Institute History
Description
At 2:00 p.m. every Tuesday, Tammy beats Gene with a tennis racquet. It’s his penance. In retrospect, he shouldn’t have jumped to conclusions about the pistachio nut. Meanwhile, Pearl is having doubts. An orphaned eight-year-old in the care of her uncle, she has unwittingly eaten pot brownies and begins to suspect that the tooth fairy isn’t real. Finally, there’s Ralph, a man of privilege who, somewhere between bites 23 and 27 of his steak, comes to a startling revelation: he doesn’t know any black people. Don’t be alarmed. It’s just another day in Anywhere, USA.
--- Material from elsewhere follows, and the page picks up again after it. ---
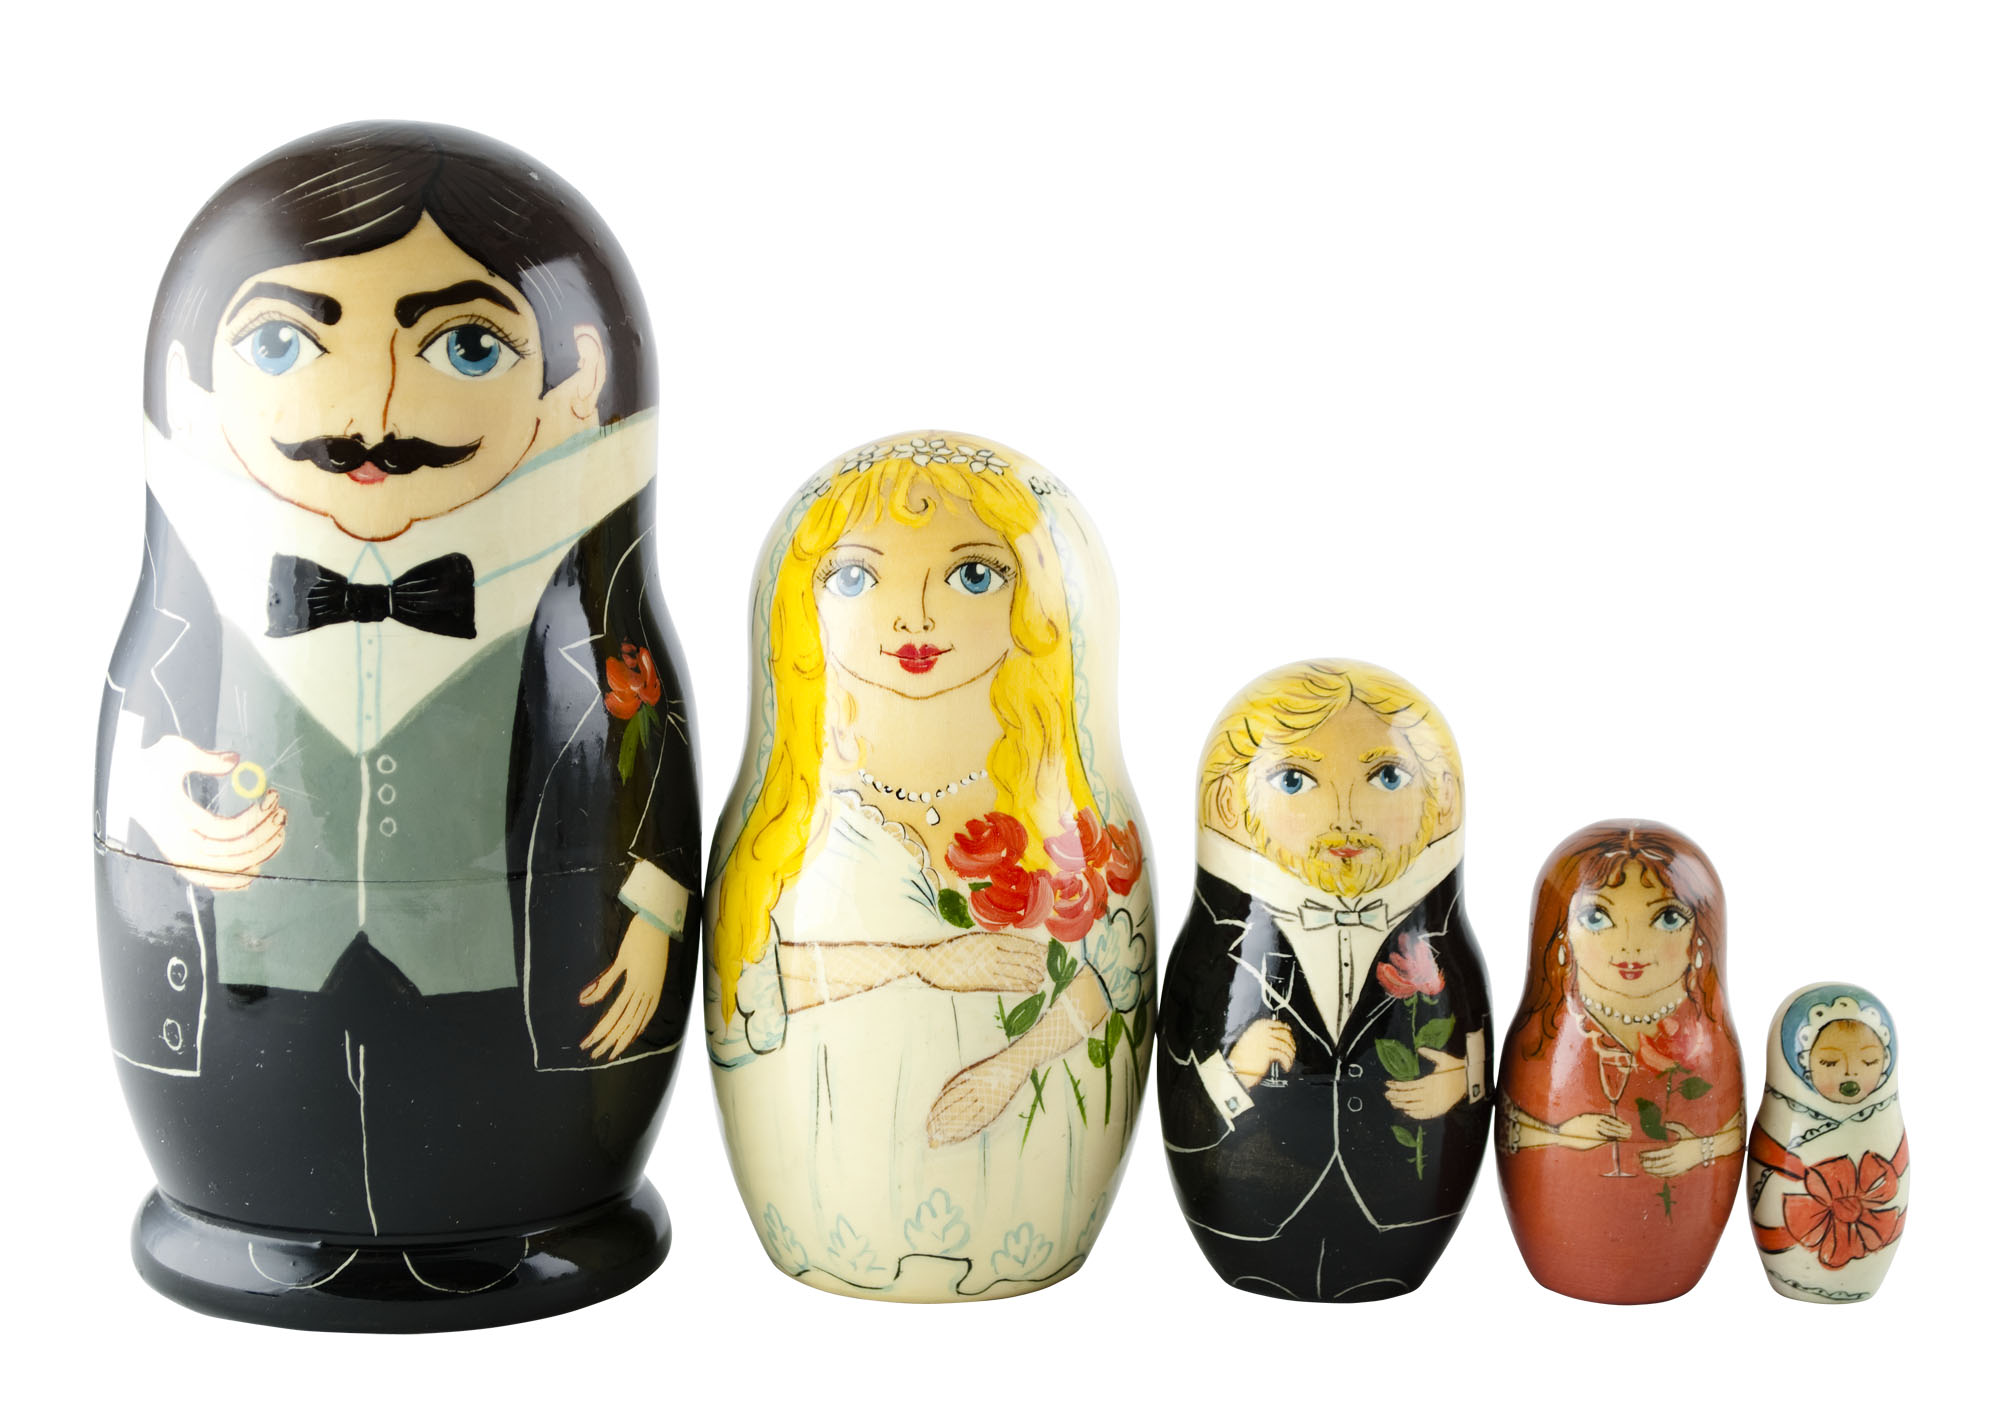 Buy Bride & Groom Wedding Doll 5pc./6" at GoldenCockerel.com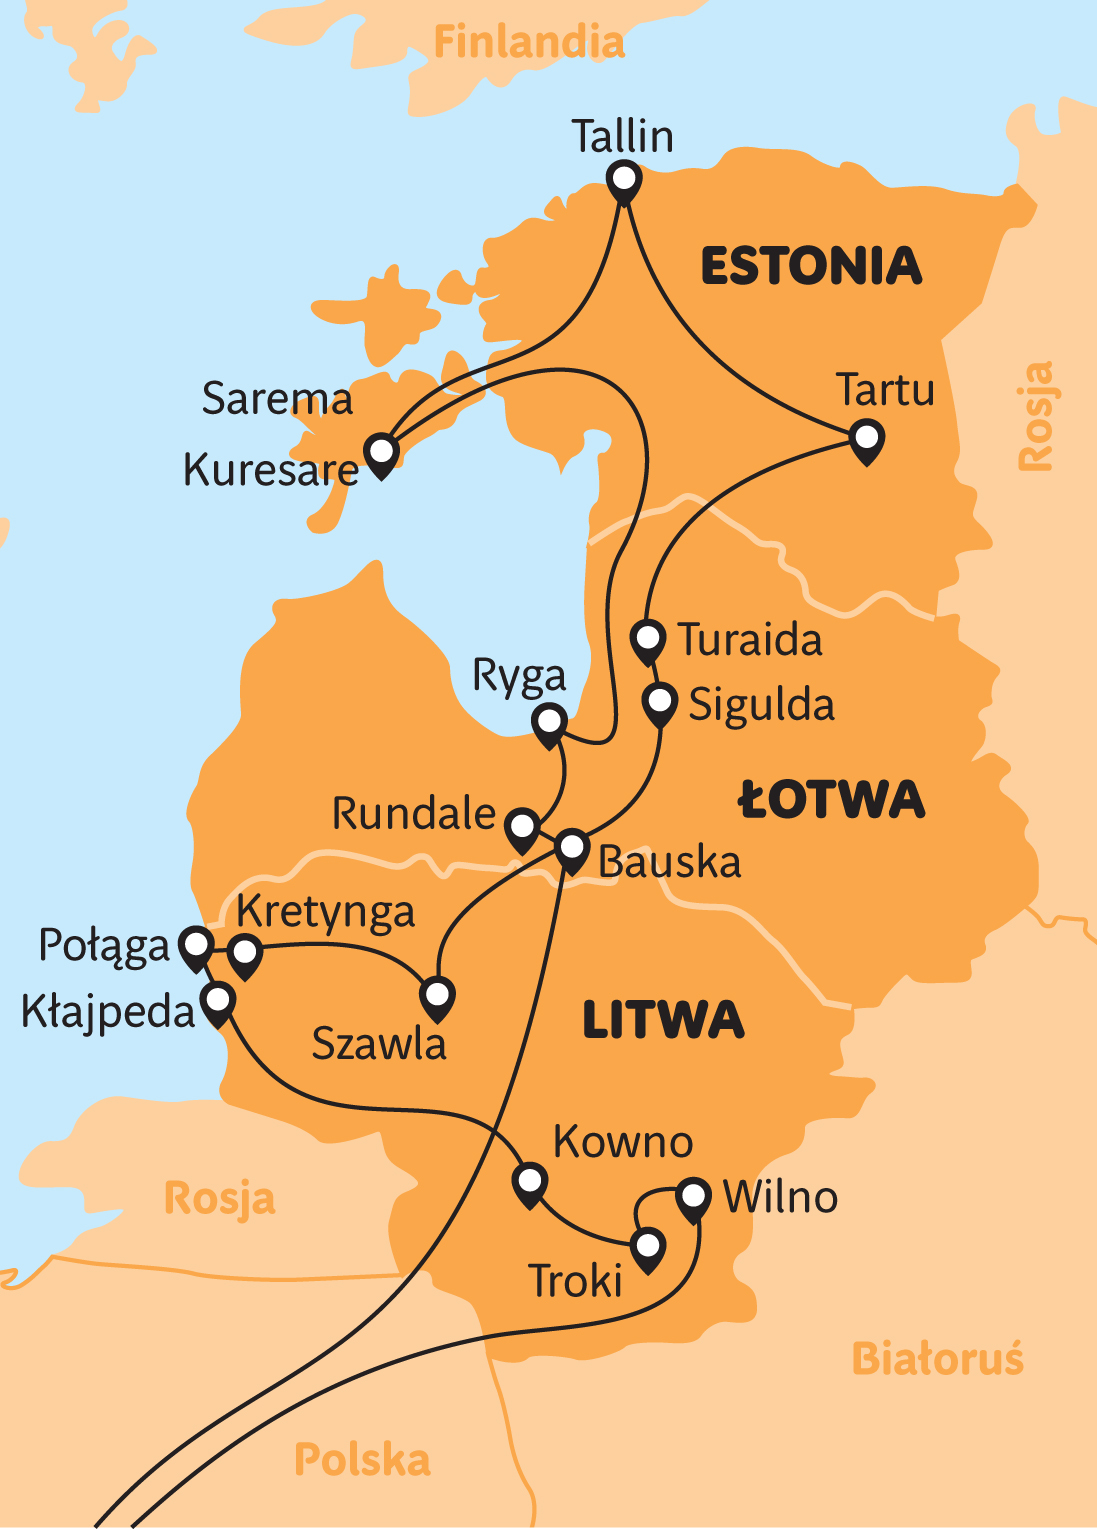 Bałtyckim szlakiem- Litwa- Łotwa- Estonia!

Told in three parts ("Penance," "Loss," and "Ignorance"), Chusy Haney-Jardine’s wildly original snapshot of du jour America is such an audacious, personal expression of vision that you occasionally feel as if it’s being projected directly from his brain. Haney-Jardine delights in theatricality, burlesque images, and wonderfully mismatched devices (rednecks frolicking as Puccini blares or an entire story line narrated by two women gossiping at a tanning salon). And for all its humor, the film observes life with tenderness and humanity, finding an emotional center in Pearl and her uncle.
Here’s a film that takes real risks and reaps the rewards tenfold. Shot in Haney-Jardine's hometown of Asheville, North Carolina, edited in his garage, and featuring an almost entirely nonprofessional cast (his daughter, Perla, is the sole exception), Anywhere, USA wears its independence like a battering ram that gently knocks at your door.